Humans are winning the struggle easily, Pandav says.
"The myth that these people can co-exist with forests is wrong," Pandav says.
The number of nomadic families that have settled in the Rajaji park has grown from a few dozen a few decades ago to 1,390 families, or about 14,000 people, now.
The majority of India's billion-plus population lives outside cities and has little access to electricity, clean water and employment in the country with the largest number of poor on earth. Many people resort to stripping supplies from wherever they are available.
The Congress Party-led coalition government which came to power last May has made improving the lot of India's rural population a priority. But many government officials that oversee the programs to help the rural poor say the problems are overwhelming, and hesitate to favor the environment over people.

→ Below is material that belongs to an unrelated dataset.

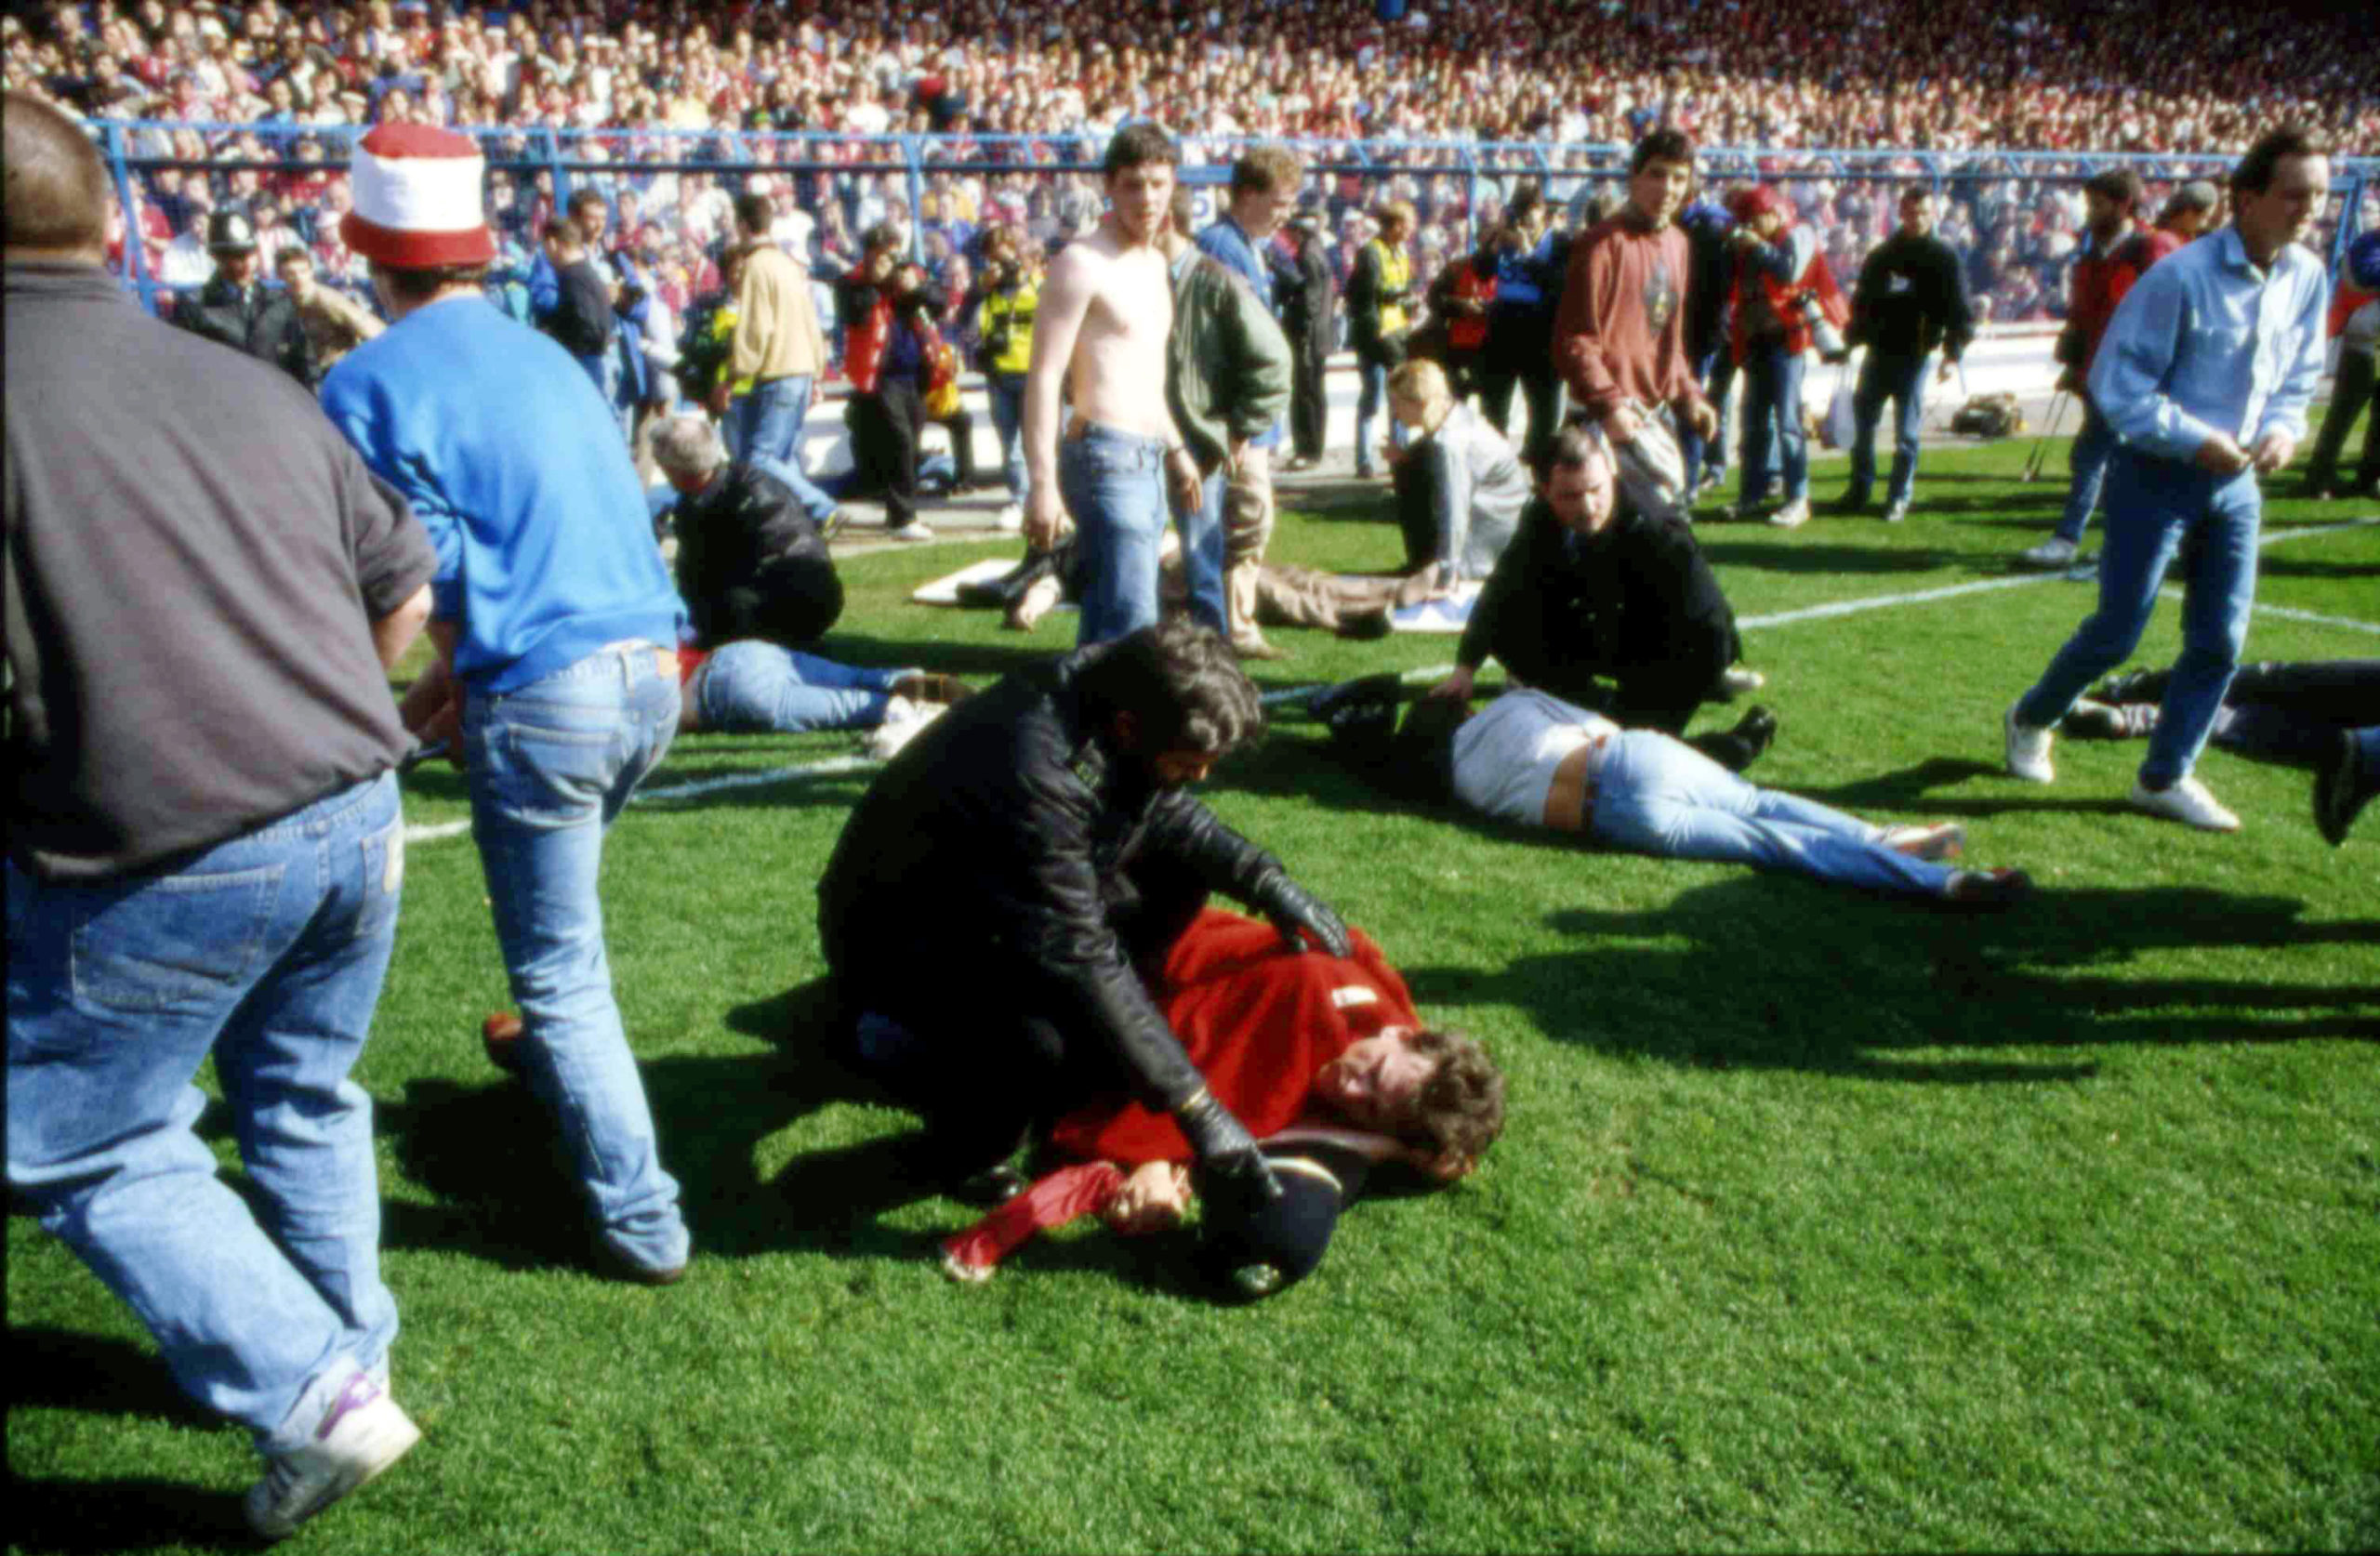 Stewards and supporters tend and care for wounded supporters on the field at Hillsborough Stadium, in Sheffield, England, on April 15, 1989.

"They don't have microwaves like you city slickers but they too must cook," says a sentry watching the illegal lopping at the dumbbell-shaped Rajaji park, where deer, elephants, tigers, leopards and bears claw for space with the settlers.

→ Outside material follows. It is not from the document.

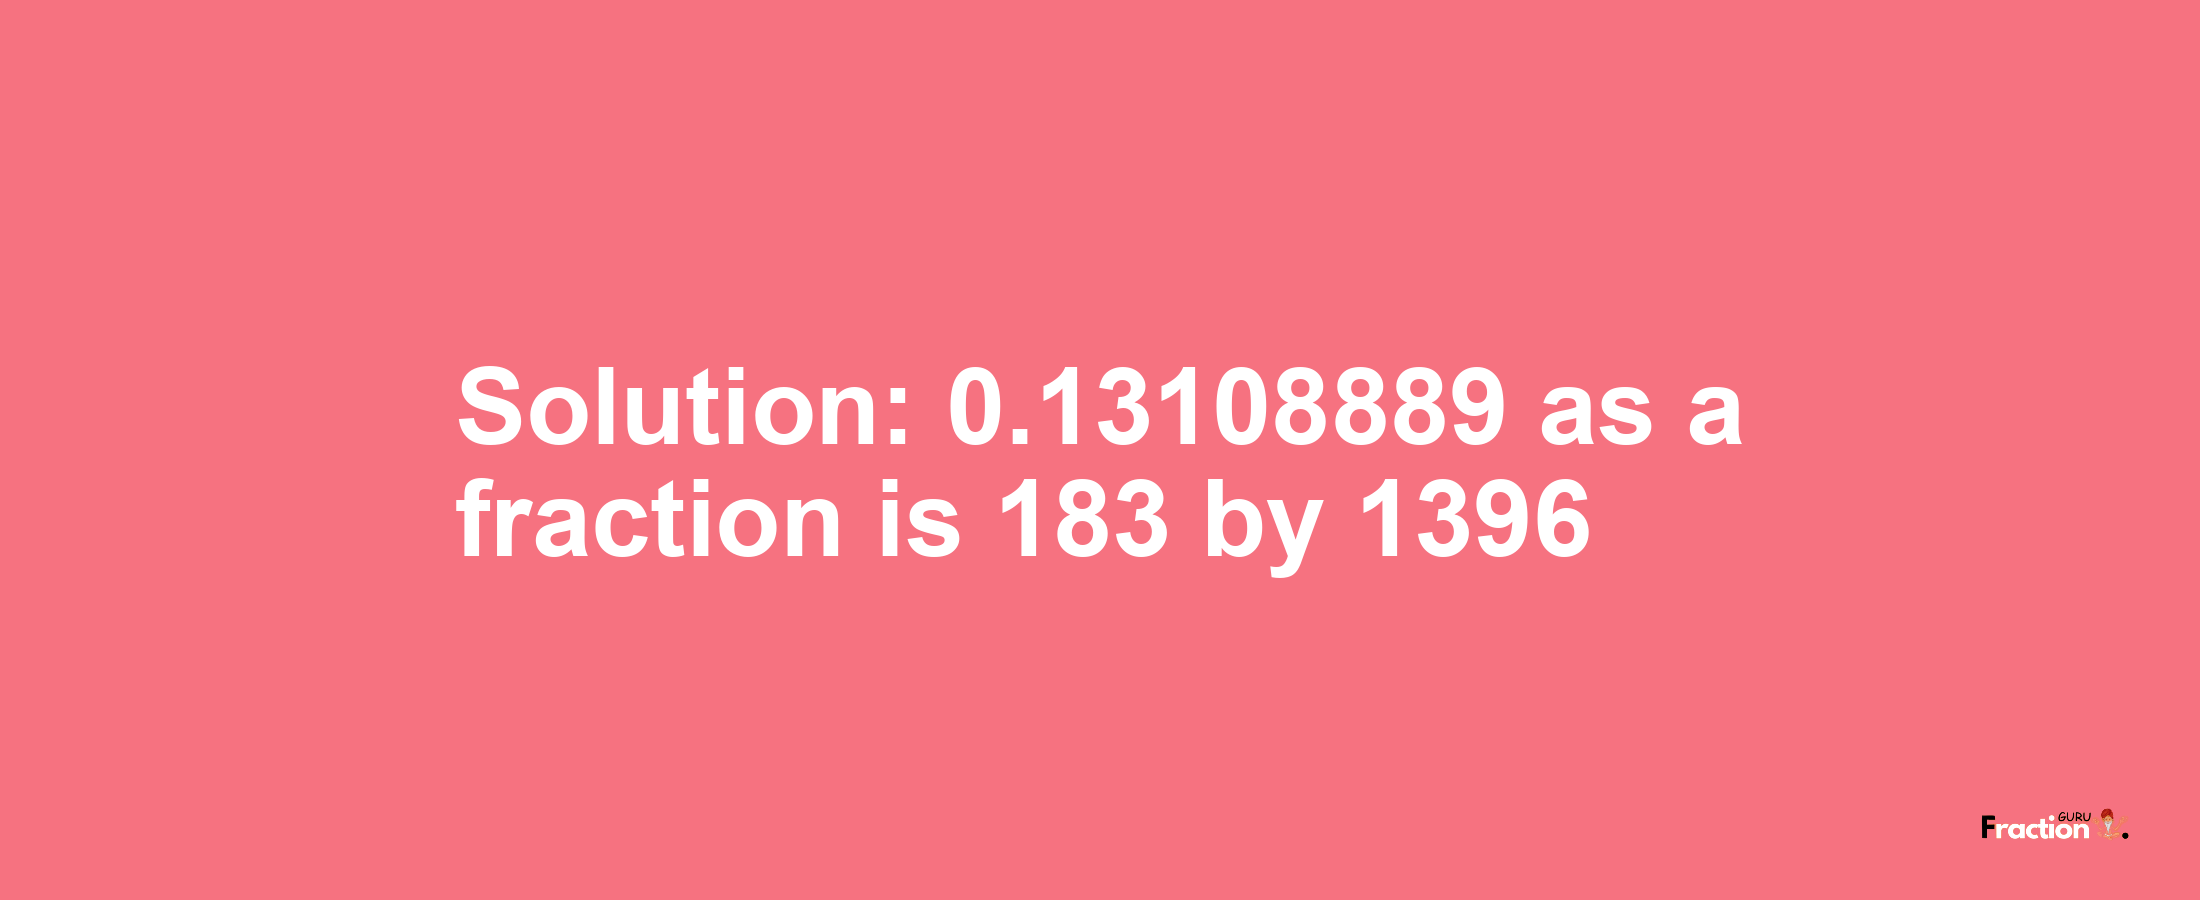 Solution:0.13108889 as a fraction is 183/1396

Rajaji is one of India's 90 state-protected national parks and 502 wildlife sanctuaries spread over 156,933km2 that are being destroyed by encroachment and grazing from cattle, experts say.
"Extraction of fuel wood is the most critical issue because then the regeneration of forests becomes very poor," says Forest Survey of India joint director Saibal Dasgupta, who is tasked with mapping the country's green cover.
He notes that India, whose Hindu majority reveres the cow, has 17 percent of the world's 1.3 billion cattle.
The tree cutting for food and pasture land has turned 7.3 million hectares of forests bald and left them prone to flooding, Dasgupta says.
"We must act quickly with a pragmatic approach to halt this," he says, referring to India's target of increasing green cover to 33 percent of its land mass, which some policymakers and experts say is an impossible task.
The need for increasing forest cover takes on an added urgency because it can minimize global warming trends that are already accelerating a retreat in Himalayan glaciers, he says. The thawing could trigger a massive water crisis in the coming decades.
To combat the trend, the Forest Research Institute is taking a census of forest areas in the country and hopes to be able to come up with a triage plan to save the most valuable spots, institute director K.K. Chowdhury says.
"We do not have the budgetary support nor the space to meet the 33-percent target because so much is under encroachment and also forests have vanished wherever mining activity is on. It is atrocious," he says.
India's funds-starved Ministry of Environment and Forests gets less than 1 percent of the national budget despite frequent reports that forest cover is disappearing at a breakneck pace. Rajaji park chief Pande, who is also trying to boot out a defense ministry arms dump from the heart of the sanctuary, says the forests can bounce back once human occupation is ended.
"We just relocated 734 families from two of our nine ranges and the forests there are bouncing back, and if this experiment can succeed here then it can be enforced in other parks of India which are under occupation of encroachers," he says.
"The wildlife too has reclaimed their homes," he says of the park's 469 elephants, 208 leopards, 30 tigers and an uncounted number of reptiles, bears, porcupines, civets, deer and antelopes fighting to survive under Rajaji's thinning tree cover.
"The removal of human habitats is my first priority. We owe it to nature," Pande says, adding that an ecological collapse in Rajaji could spell disaster for the adjacent Jim Corbett National Park, the 70-year-old mascot of India's conservation efforts.